В этом году Пасха приходится на один и тот же день по обоим календарям. <…> Теперь здесь наступило великое время благочестия. В этом состоит особенность русской культуры, ведь немцы, французы и англичане празднуют более сдержанно. В отличие от остальных, представители греческой [зд. православной] церкви празднуют с помпой, хвастовством, суеверием, нагромождением церемоний. Все это способно вызвать со стороны людей, знакомых с более чистым христианским благочестием, лишь жалость и пламенное желание, чтобы местные жители постепенно вернулись к истинной евангельской простоте (1 апреля 1770 года).

На этой неделе у нас начался Великий пост – время глубокого обновления для тех, кто, как и я, предпочитает спокойствие всем шумным удовольствиям карнавала. Русские в эту неделю отдают должное своей набожности. <…> Внешняя сторона религии, кажется, мешает им в жизни, но к ней они относятся с уважением, и, так или иначе, она хороша для них и возвращает их к самим себе, что полезно для каждого несовершенного создания (11 февраля 1771 года).

Читатель записок Джин Каткарт может во многом упрекнуть аристократическую даму за то, что она не все в «настоящем характере» русских, в их религии и обычаях «ухватила», что из реалий современного ей Петербурга не пожелала, не увидела или не успела многое описать. Действительно, она «не заметила» многообразия этнических типов и конфессиональных культур города, казалось бы, она не смогла или не захотела обратить внимание на неправославных подданных императрицы, на различия в облике и быте недворянских сословно-статусных групп столичных обитателей. Знала ли она описания России, изданные ее предшественниками, знакома ли была с уже существовавшими опытами изображения городских жителей Российской империи Августина Дальштейна, Христофа Рота (последний как раз в 1770‑х годах работал над серией гравюр с «костюмными изображениями» для сборников «Открываемой России»[1])? К сожалению, из имеющихся источников трудно об этом судить.

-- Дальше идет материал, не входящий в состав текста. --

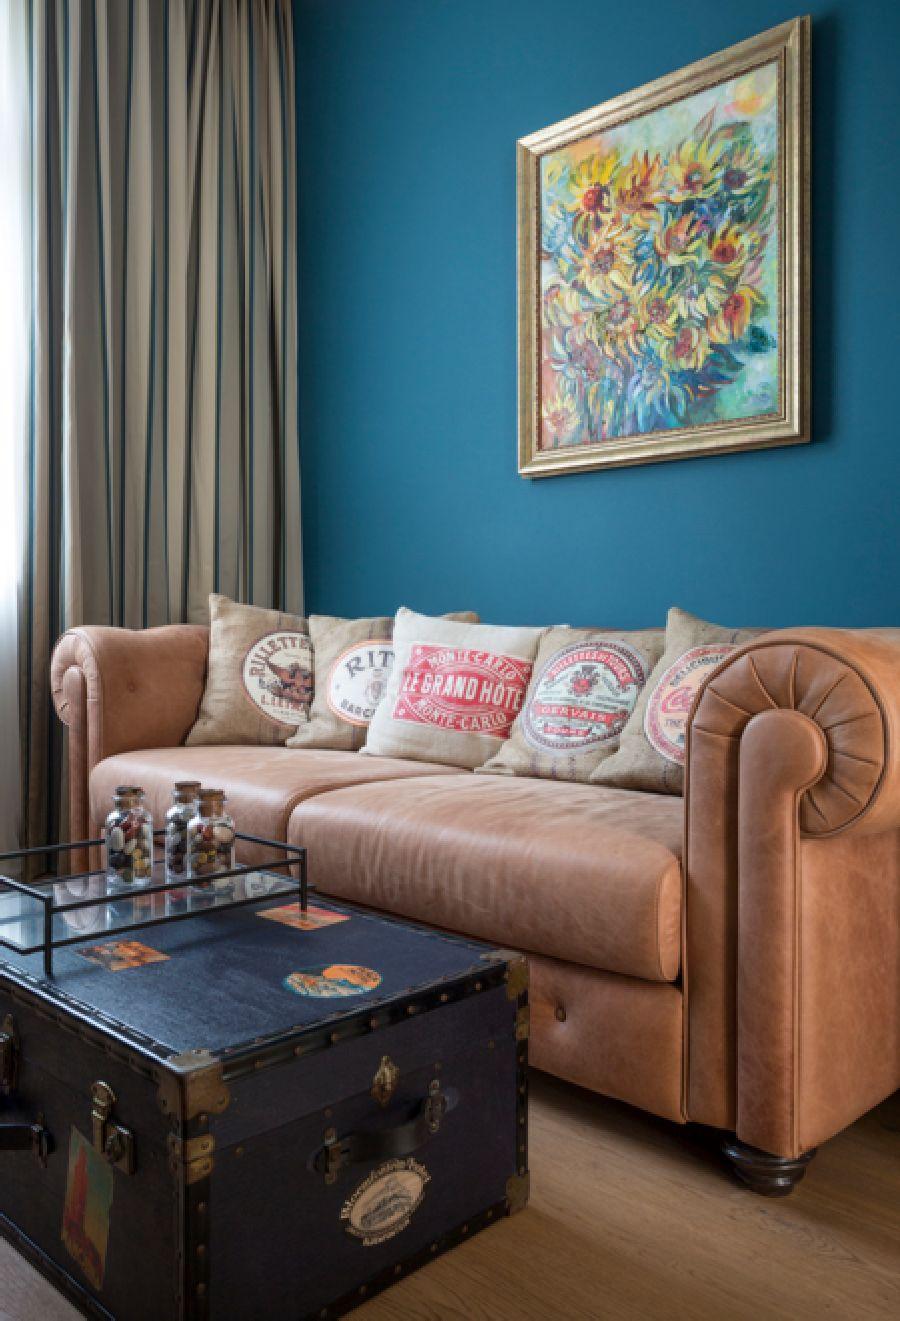 adelaparvu.com despre apartament de 80 mp patrati cu aer rustic elegant, locuinta Rusia, designer Zhenya Zhdanova (19)

Очевидно, что и «Записки» Джин Каткарт едва ли могли найти отклик у читателей и повлиять на будущие описания России. Предположительно, лишь Уильям Ричардсон, живший с семьей Каткартов в Петербурге, мог быть свидетелем или участником разговоров о том, что супруга посла записывала в свою тетрадь. Хотя приводимые ею сведения находят параллели в сочинениях второй половины XVIII века (в 1770‑х годах – у Уильяма Кокса и Натаниеля Раксолла), нет никаких оснований считать, что кто-то из английских авторов (помимо членов ее семьи) имел возможность познакомиться с заметками Джин Каткарт о России.

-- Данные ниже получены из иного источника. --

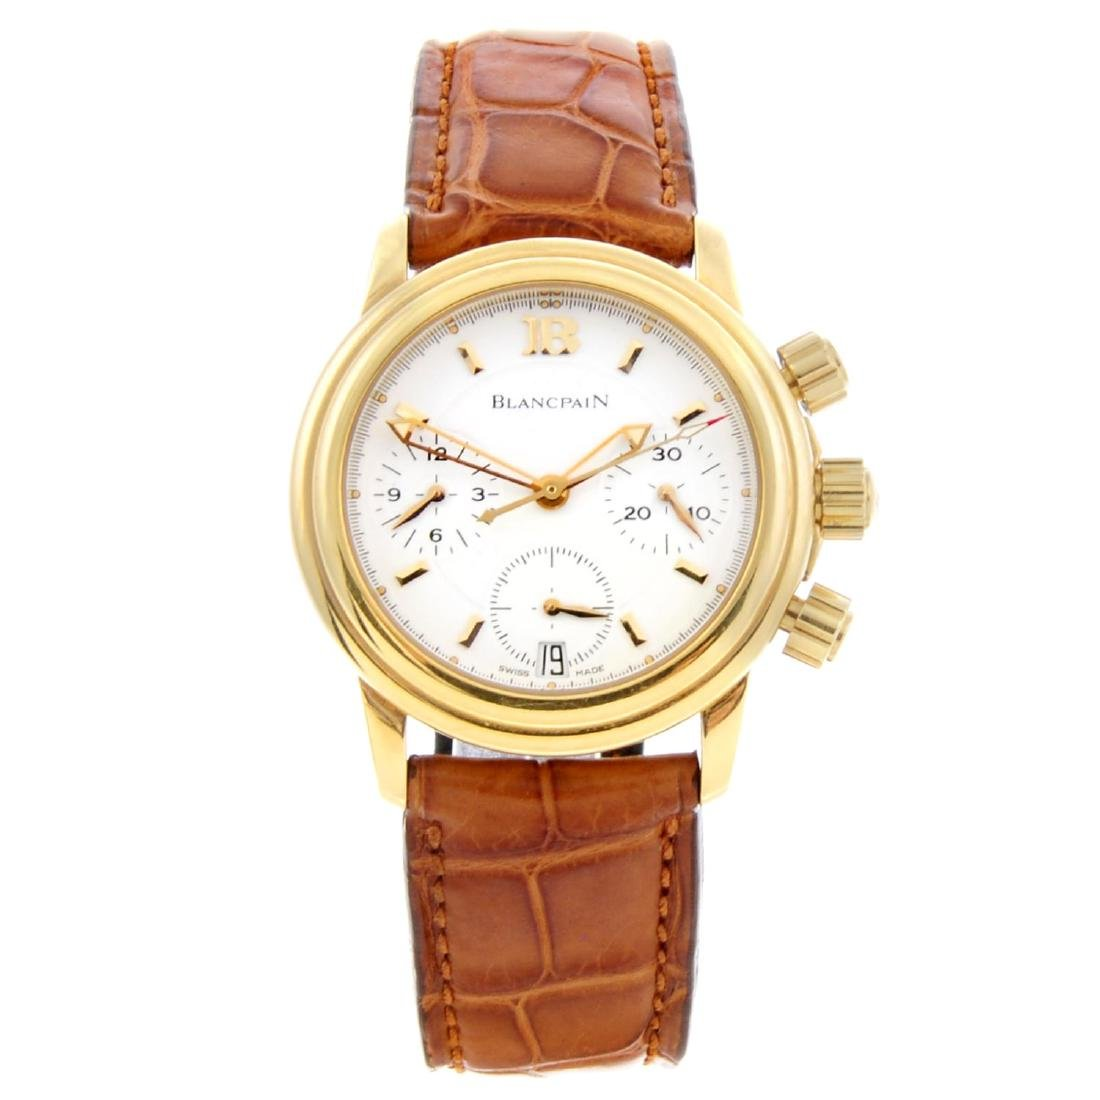 BLANCPAIN - a mid-size Villeret chronograph wrist

И вот спустя 250 лет созданный леди Каткарт образ Петербурга 1768–1770 годов все-таки находит своего читателя.

Перевод «Записок», выполненный Е. Б. Смилянской и К. А. Левинсоном, сопровождают наши комментарии, при составлении которых мы неоднократно обращались за советами и помощью к знатокам истории и культуры России XVIII века В. А. Витязевой, А. С. Корндорф, Е. Е. Абрамовой и Е. П. Абрамову, Е. В. Акельеву и Е. Ю. Морякову. Их авторские комментарии позволили прояснить детали, найти аналогии и указать на важные для понимания источника факты.